I am looking for a solution to parse asn.1 spec files and generate a decoder from those.
Ideally I would like to work with Python modules, but if nothing is available I would use C/C++ libraries and interface them with Python with the plethora of solutions out there.
In the past I have been using pyasn1 and building everything by hand but that has become too unwieldly.
I have also looked superficially to libtasn1 and asn1c. The first one had problems parsing even the simplest of files. The second has a good parser but generating C code for decoding seems too complex; the solution worked well with straightforward specs but choked on complex ones.
Any other good alternatives I may have overlooked?
Never tried them but:
Both seems to do what you want (C, not Python).
There is an ANTLR ASN.1 grammar; using ANTLR, you should be able to make an ASN.1 parser out of it. Generating code for pyasn1 is left as an exercise to the poster :-)
I have done a similar job using asn1c and building around it a Pyrex extension. The wrapped structure is described in 3GPP TS 32.401.
With Pyrex you can write a wrapper thick enough to convert between native Python data types and the correct ASN.1 representations (wrapper generators, such SWIG, tend to not perform complex operations on the type). The wrapper I wrote also tracked the ownership of the underlying C data structures (e.g. accessing to a sub-structure, a Python object was returned, but there was no copy of the underlying data, only reference sharing).
The wrapper was eventually written in a kind of semi-automatic way, but because that has been my only job with ASN.1 I never did the step of completely automatize the code generation.
You can try to use other Python-C wrappers and perform a completely automatic conversion: the job would be less, but then you would move complexity (and repetitive error-prone operations) to the structure users: for this reason I preferred the Pyrex way. asn1c was definitely a good choice.
I recently created the Python package called asn1tools which compiles an ASN.1 specification into Python objects, which can be used to encode and decode messages.
I have experience with pyasn1 and it's enough to parse quite complex grammars. A grammar is expressed with python structure, so no need to run code generator.
I'm the author of LEPL, a parser written in Python, and what you want to do is one of the things on my "TODO" list.
I will not be doing this soon, but you might consider using LEPL to construct your solution because:
1 - it's a pure Python solution (which makes life simpler)
2 - it can already parse binary data as well as text, so you would only need to use a single tool - the same parser that you would use to parse the ASN1 spec would then be used to parse the binary data
The main downsides are that:
1 - it's a fairly new package, so it may be buggier than some, and the support community is not that large
2 - it is restricted to Python 2.6 and up (and the binary parser only works with Python 3 and up).

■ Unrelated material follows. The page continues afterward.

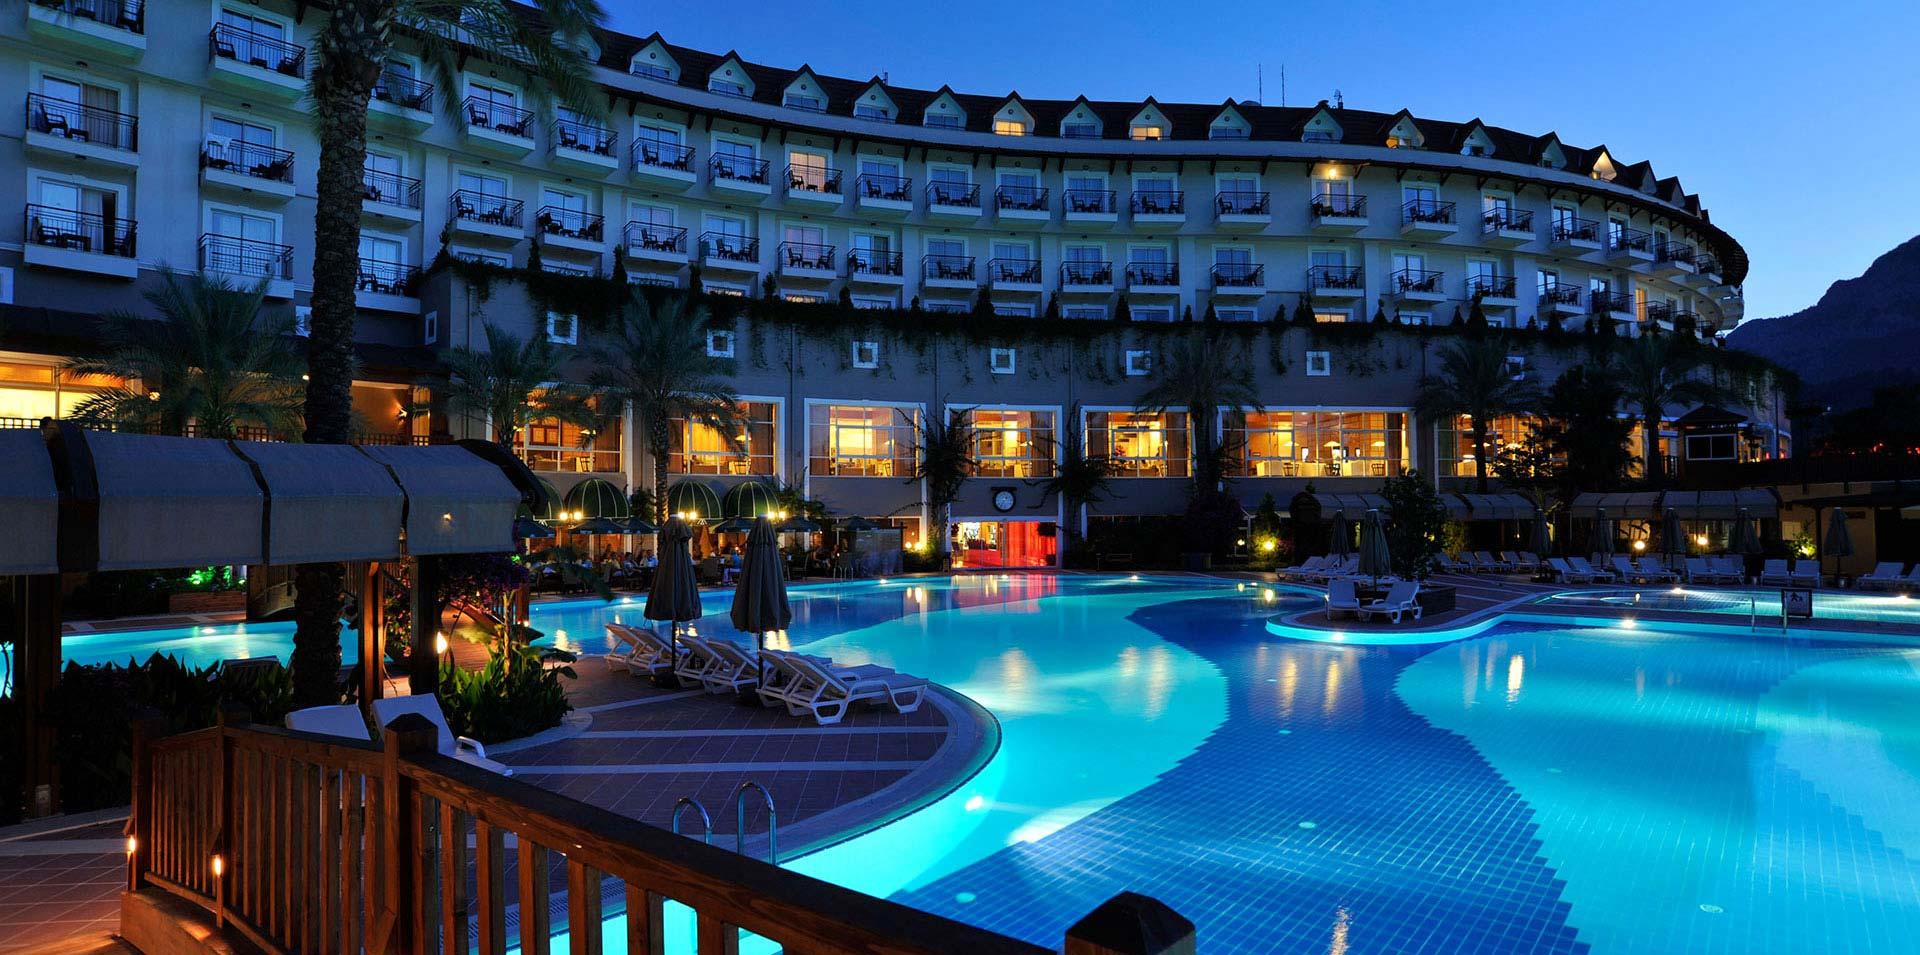 هتل کلاب پرستیژ کوش آداسی

For more information, please see http://www.acooke.org/lepl - in particular,for binary parsing see the relevant section of the manual (I cannot link directly to that as Stack Overflow seems to think I am spamming)
Andrew
PS The main reason this is not something I have already started is that the ASN 1 specs are not freely available, as far as I know. If you have access to them, and it is not illegal(!), a copy would be greatly appreciated (unfortunately I am currently working on another project, so this would still take time to implement, but it would help me get this working sooner...).